David Fischer, class of 2010, is a psychology major, concentrating in neural and behavioral science and minoring in philosophy. Funded by a Beckman scholarship, he spent the summers of 2008, 2009 and 2010 working with Dr. Wendy Sternberg in a biological psychology lab. His research investigated the relationship between social and pain behavior, the effects of environmental changes on neurogenesis, and the neuroendocrine correlates of stress. For his thesis, David studied the effects of aggression and testosterone on brain development in a project entitled, “Determining the Cause of Increased Neurogenesis in Dominant Rodents: Dissociating the Effects of Social Hierarchies and Testosterone.” He plans to attend medical school in order to pursue a clinical career in neuroscience.
Michele Buonora, class of 2011, is a Psychology major with a concentration in Neural and Behavioral Sciences.

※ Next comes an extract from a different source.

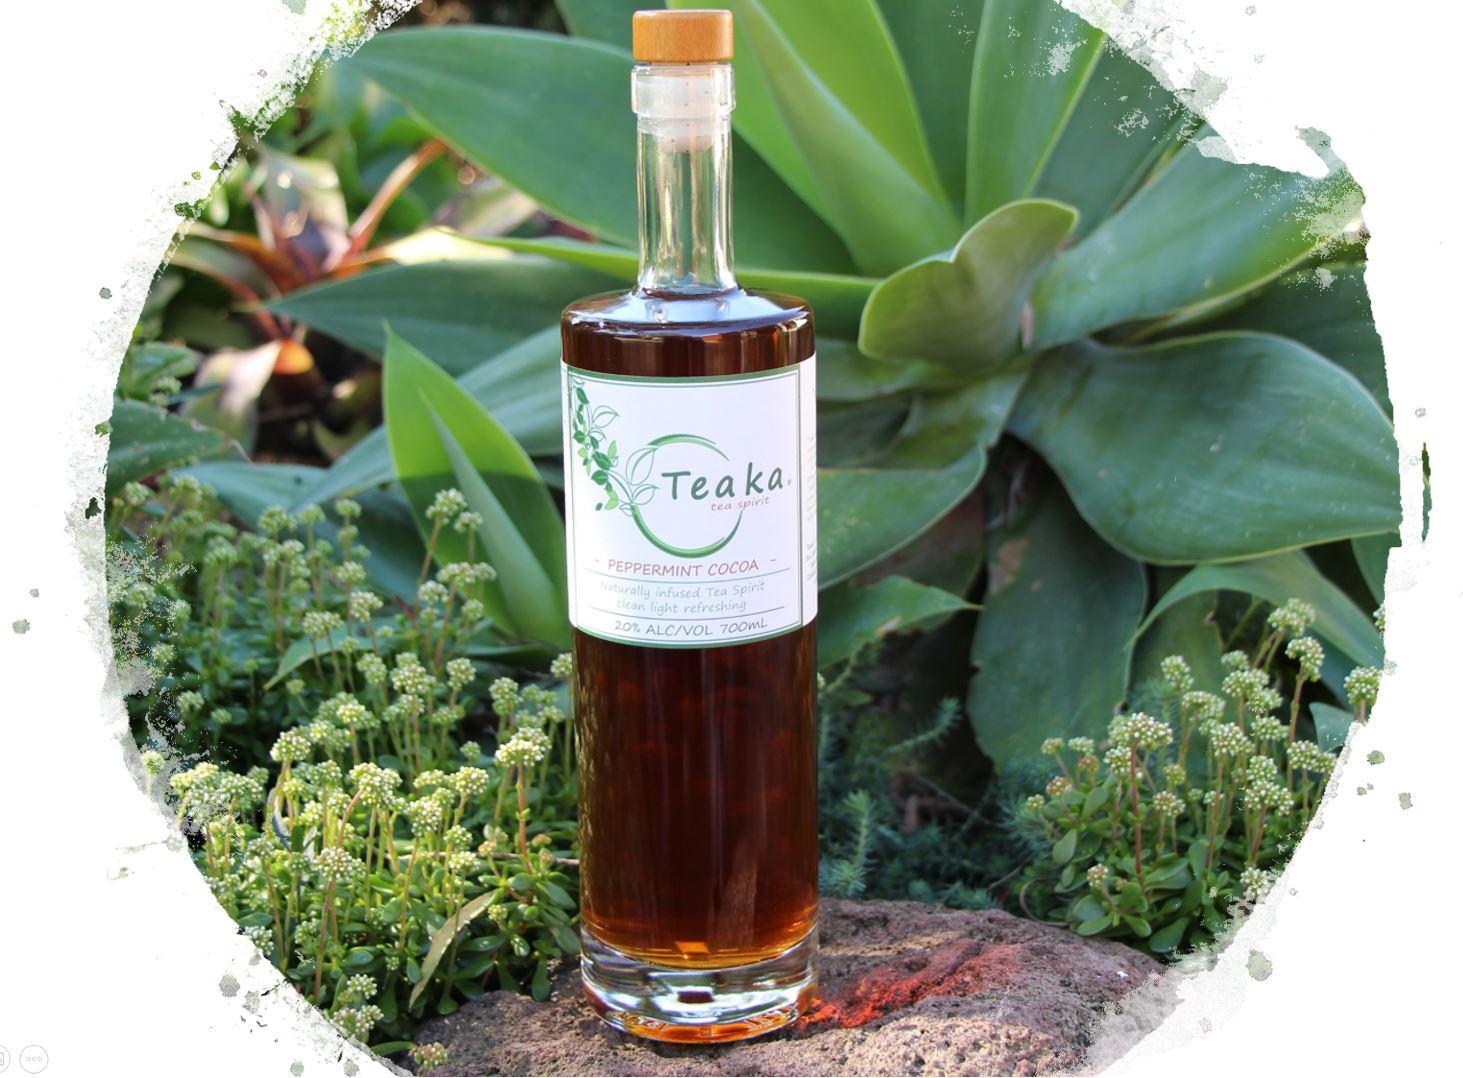 Teaka Peppermint Cocoa Tea Spirit - alcoholic tea spirit

A Magill-Rhoads scholar, Michele hopes to attend medical school following her studies at Haverford. Sponsored by the Howard Hughes Medical Institute (HHMI), Michele spent the summer of 2009 researching the social influences of pain behavior, as well as the environmental and neuroendocrine correlates of neurogenesis and stress with Wendy Sternberg, MA PhD, at Haverford. In 2010, she received a Benjamin A. Gilman International Scholarship sponsored by the U.S. State Department to spend the spring semester studying at University College London (UCL) in the Department of Neuroscience, Physiology & Pharmacology. While at UCL, Michele researched the neurobiological mechanisms behind and neurophysiological techniques of measuring infant pain processing under Maria Fitzgerald, PhD BA FMedSci. Michele is also captain of the Women’s Varsity Soccer team and a 2-time member of the All-Centennial Conference team, as well as co-president of Haverford’s PreHealth Society.